Возле Кирова, отвечавшего на вопросы товарищей, Глаша еще полнее почувствовала, как этот малознакомый ей товарищ заряжает ее самое энергией, бодростью, убежденностью. Она неожиданно ощутила себя избавленной от долгой болезни, готовой к новой работе. Да, она поедет в Царицын, но не для того, чтобы вырваться из мышеловки, какой ей до этой встречи казалась Астрахань, а для борьбы на более важном участке фронта!
Глава одиннадцатая
Покуда шла работа над «Юнкерами», Ивлев не чувствовал желания показывать их в незавершенном виде. Но едва картина получила полное завершение, то есть художник уже не мог ничего изменить в ней, тотчас же возникло неодолимое желание узнать, что скажет о полотне Шемякин.
Шемякин пришел ровно в полдень, когда ярко светило солнце и картина, поставленная против южных окон, наиболее полно освещалась.
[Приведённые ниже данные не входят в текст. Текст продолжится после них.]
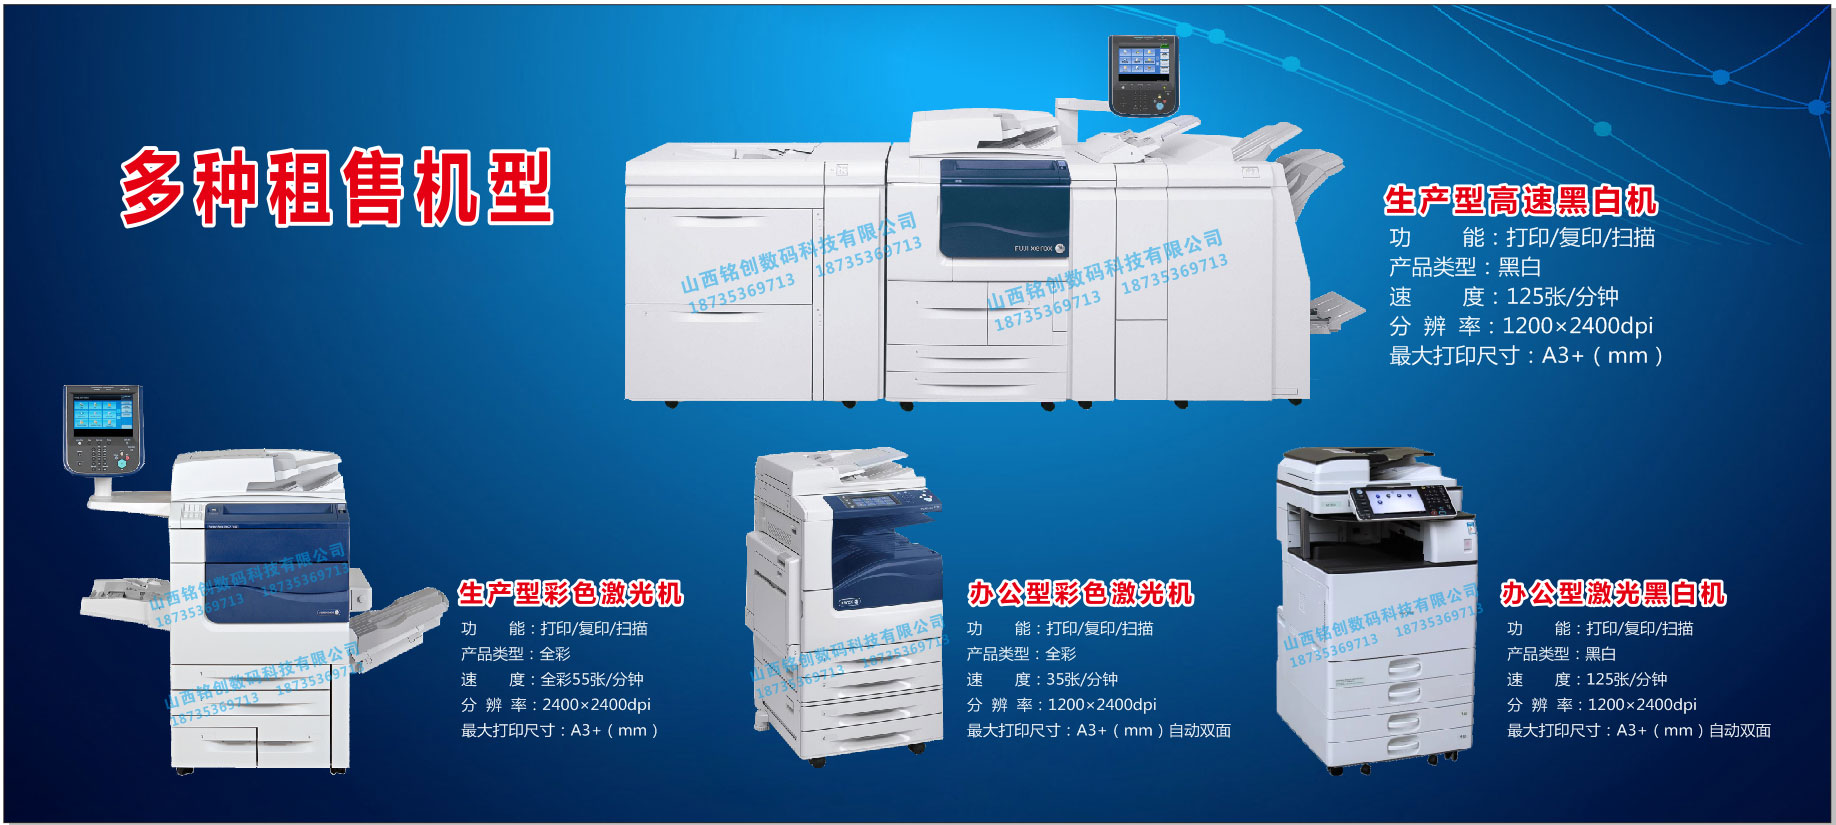 太原复印机打广州打印机维修热线，，广州打印机维修热线
印机租赁公司

От глаз Шемякина не ускользнуло то волнение, с каким Ивлев дожидался его прихода. И, входя в мастерскую, он боялся, что нужно будет сказать, быть может, горькую правду о новом творении друга. Главное, пугала мысль, что Ивлев, отдаваясь душой и сердцем белому движению, создал нечто ура-корниловское. Ведь он все время уверял, что пишет полотно, которое должно внушать веру в непобедимость и стойкость корниловцев, показать их высокое благородство, герои картины, юнкера, должны звать к делам возвышенным, своим подвижничеством осуждать тех, кто подобно Покровскому и Шкуро превращает белое дело в нечто реакционно черное и кроваво карательное.
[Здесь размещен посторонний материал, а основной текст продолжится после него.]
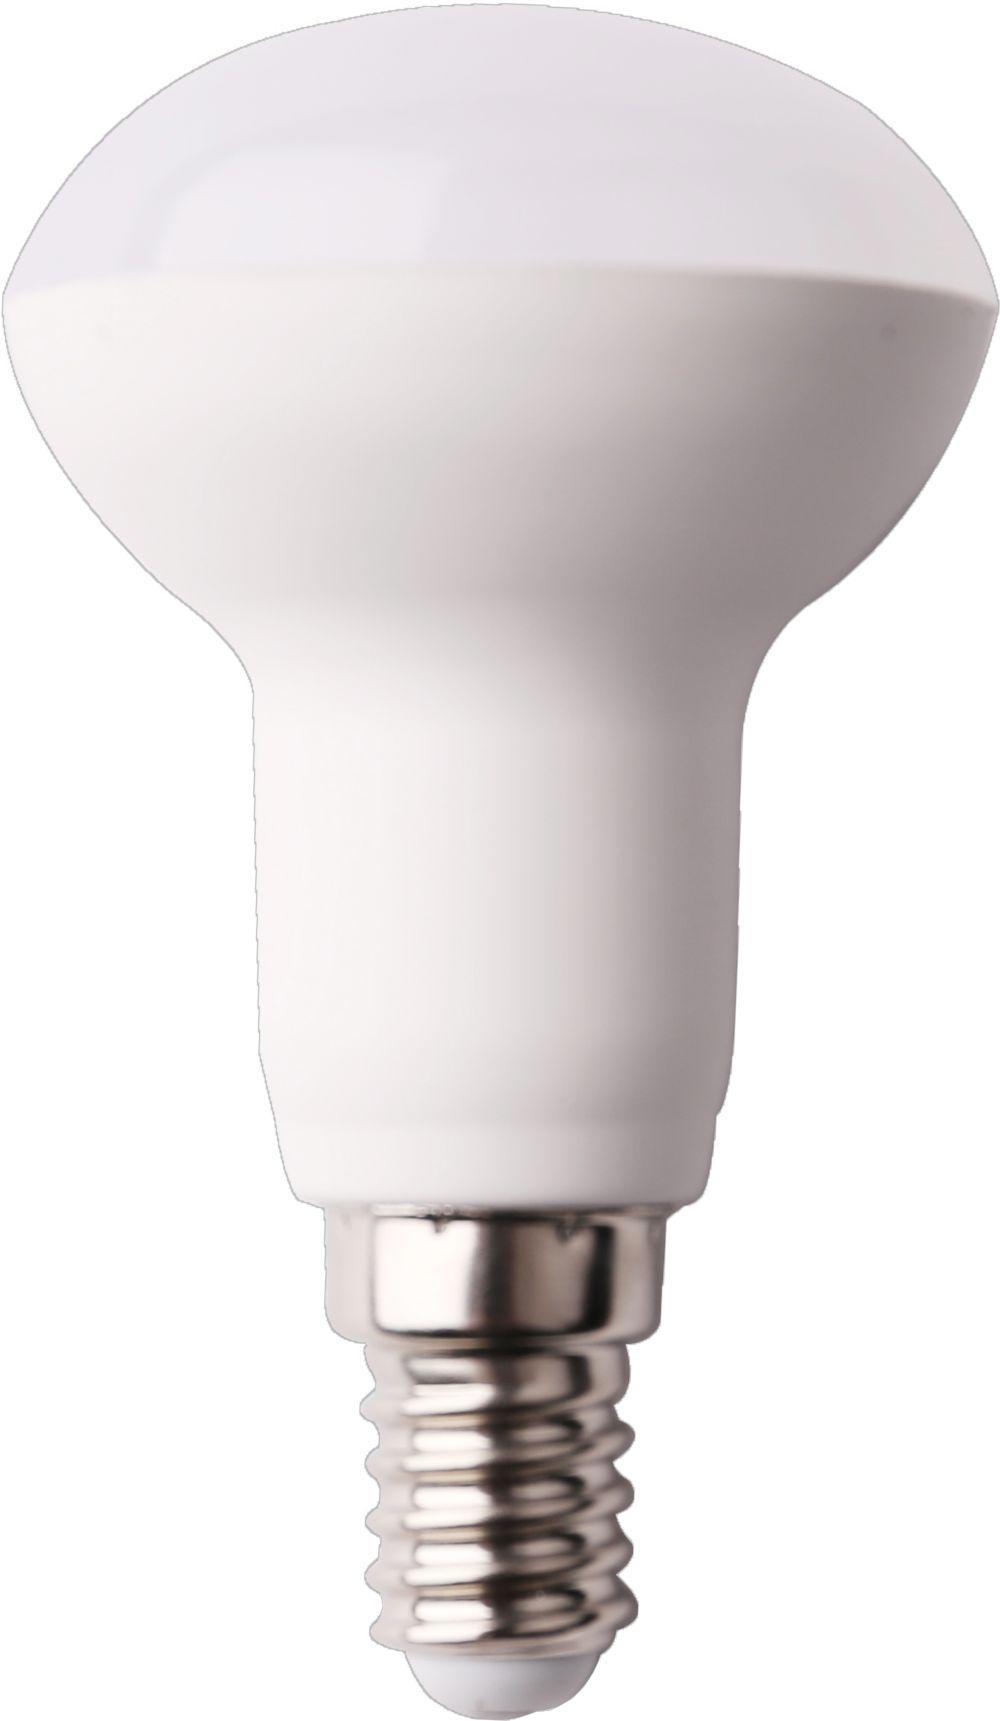 90121150 Лампа стандарт светодионая E14 8 Вт рефлекторная 640 Лм холодный свет STLM-0112350 ECOLA

Но уже при первом взгляде на полотно Шемякин увидел, что в картине с названием «Юнкера стоят насмерть» есть что-то неожиданное, вовсе несхожее с тем, что обещал написать Ивлев. И это прежде всего заставило остановиться перед полотном, туго натянутым на подрамнике, и пристально, придирчиво взирать на него.
Вся картина была написана нервными, рваными мазками, соответствующими ее бурному, драматическому содержанию.
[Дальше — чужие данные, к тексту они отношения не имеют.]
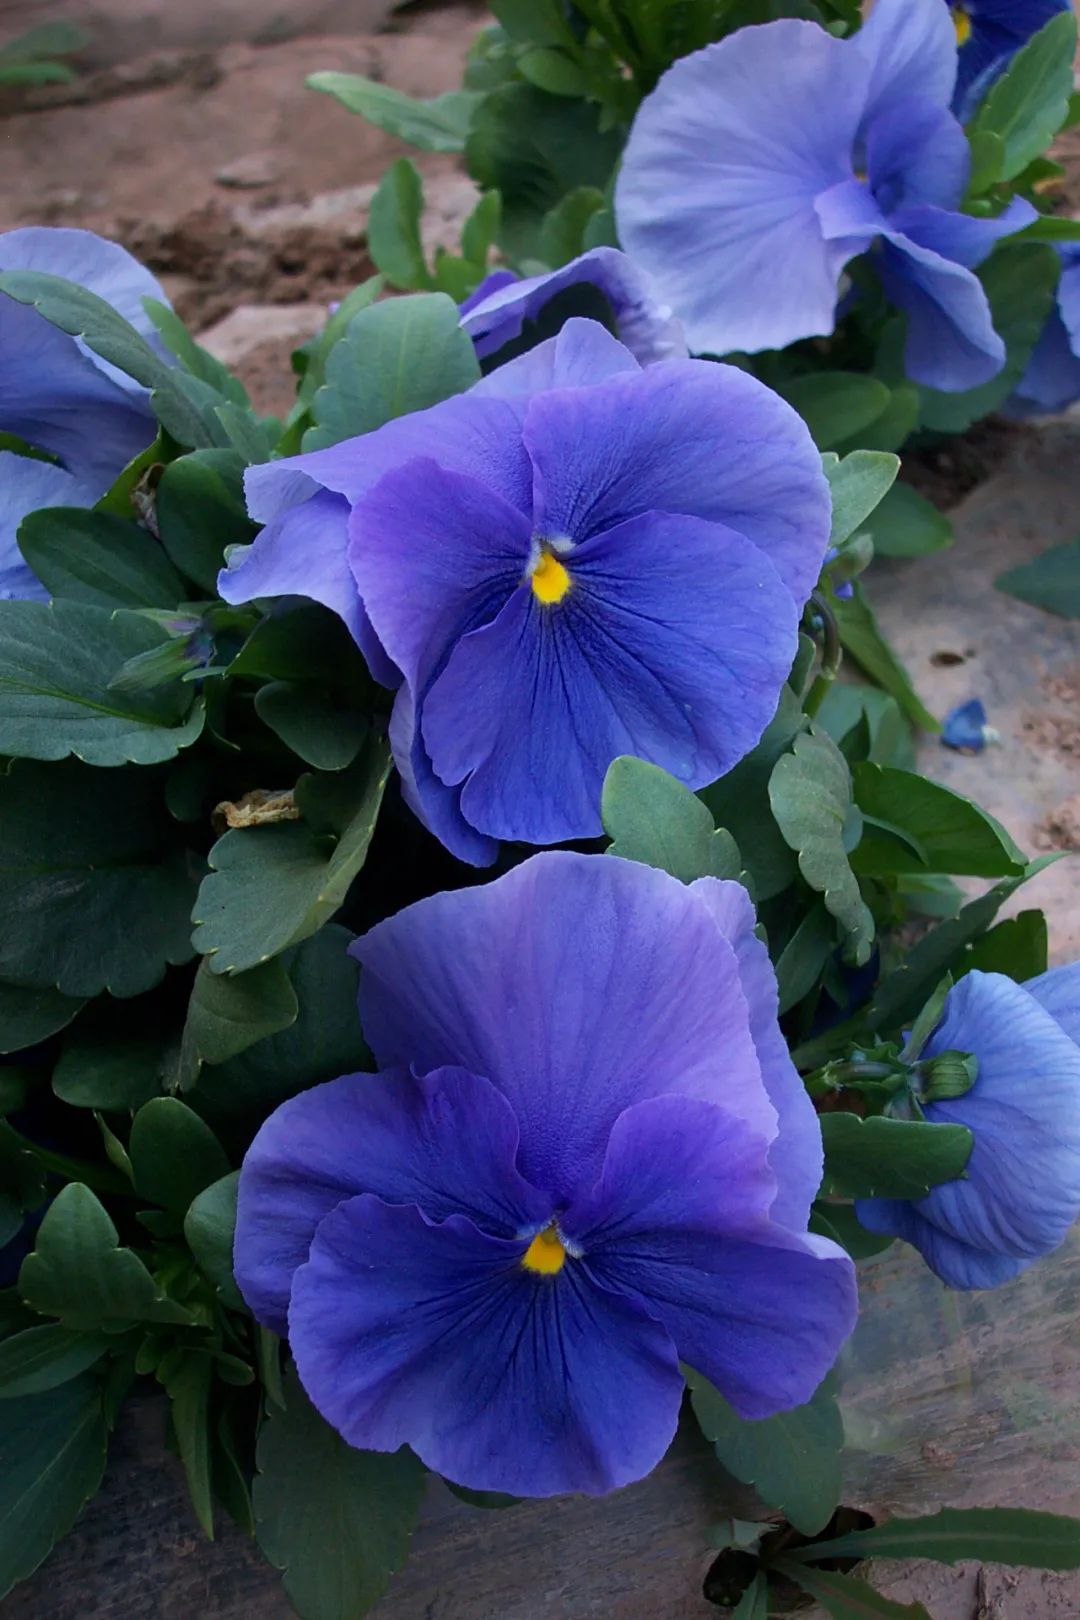 这波蓝紫色系花卉,太美了!

Но Шемякин, будучи поглощенным первым сильным впечатлением от полотна, пока что не замечал никаких отдельных мазков.
На первом плане была расположена небольшая группа юнкеров, торопливо, лихорадочно стрелявших во все стороны из винтовок, револьверов, пулеметов. Красные бойцы были где-то за ближайшими обывательскими домами, в перспективе широкой Кузнечной улицы, за дощатыми заборами, пробитыми пулями, во дворах, на подступах к артиллерийским казармам, даже в предзакатном облачном небе, где огненно рвалась шрапнель и вот-вот должна была погаснуть последняя желто-оранжевая полоска.
Юнкера расстреливали последние патроны. Позади возвышалась глухая казарменная стена, во многих местах выщербленная осколками и пулями. К ее кирпичам обессиленно прильнул спиной пожилой штабс-капитан в пенсне, судорожно зажав в руке браунинг. В квадратных стеклах его пенсне отражались тысячи малиновых полосок, которые он видел, вероятно, на фуражках и солдатских шапках красноармейцев. В расширившихся полубезумных зрачках смертельная тоска, напряженное ожидание последнего удара. Он обречен так же, как и те, кто еще стреляет. Его лицо, бледное и заострившееся, исказилось гримасой отчаяния.
Очень мрачный, почти зловещий свет был разлит вокруг юнкеров, и трудно было понять, откуда он шел: то ли от узкой ядовито-желтой меркнущей полоски в небе, то ли от огненных вспышек рвущейся шрапнели, то ли от мальчишески тонких фигурок, тщетно пытающихся сдержать силы красных, неотвратимо надвигающихся со всех сторон.
Долгим показалось время, покуда наконец Шемякин ознакомился с картиной.
— Не понимаю, как из-под твоей кисти выскочила совсем неожиданная вещь! — наконец воскликнул он. — И тем более сейчас, когда широко развилось наступление армий Юга России, генерал Май-Маевский взял Харьков, корпус Шкуро разбил Махно под Гуляйполем, дивизия генерала Топоркова овладела Купянском, Кавказская армия Врангеля не нынче завтра войдет в Царицын?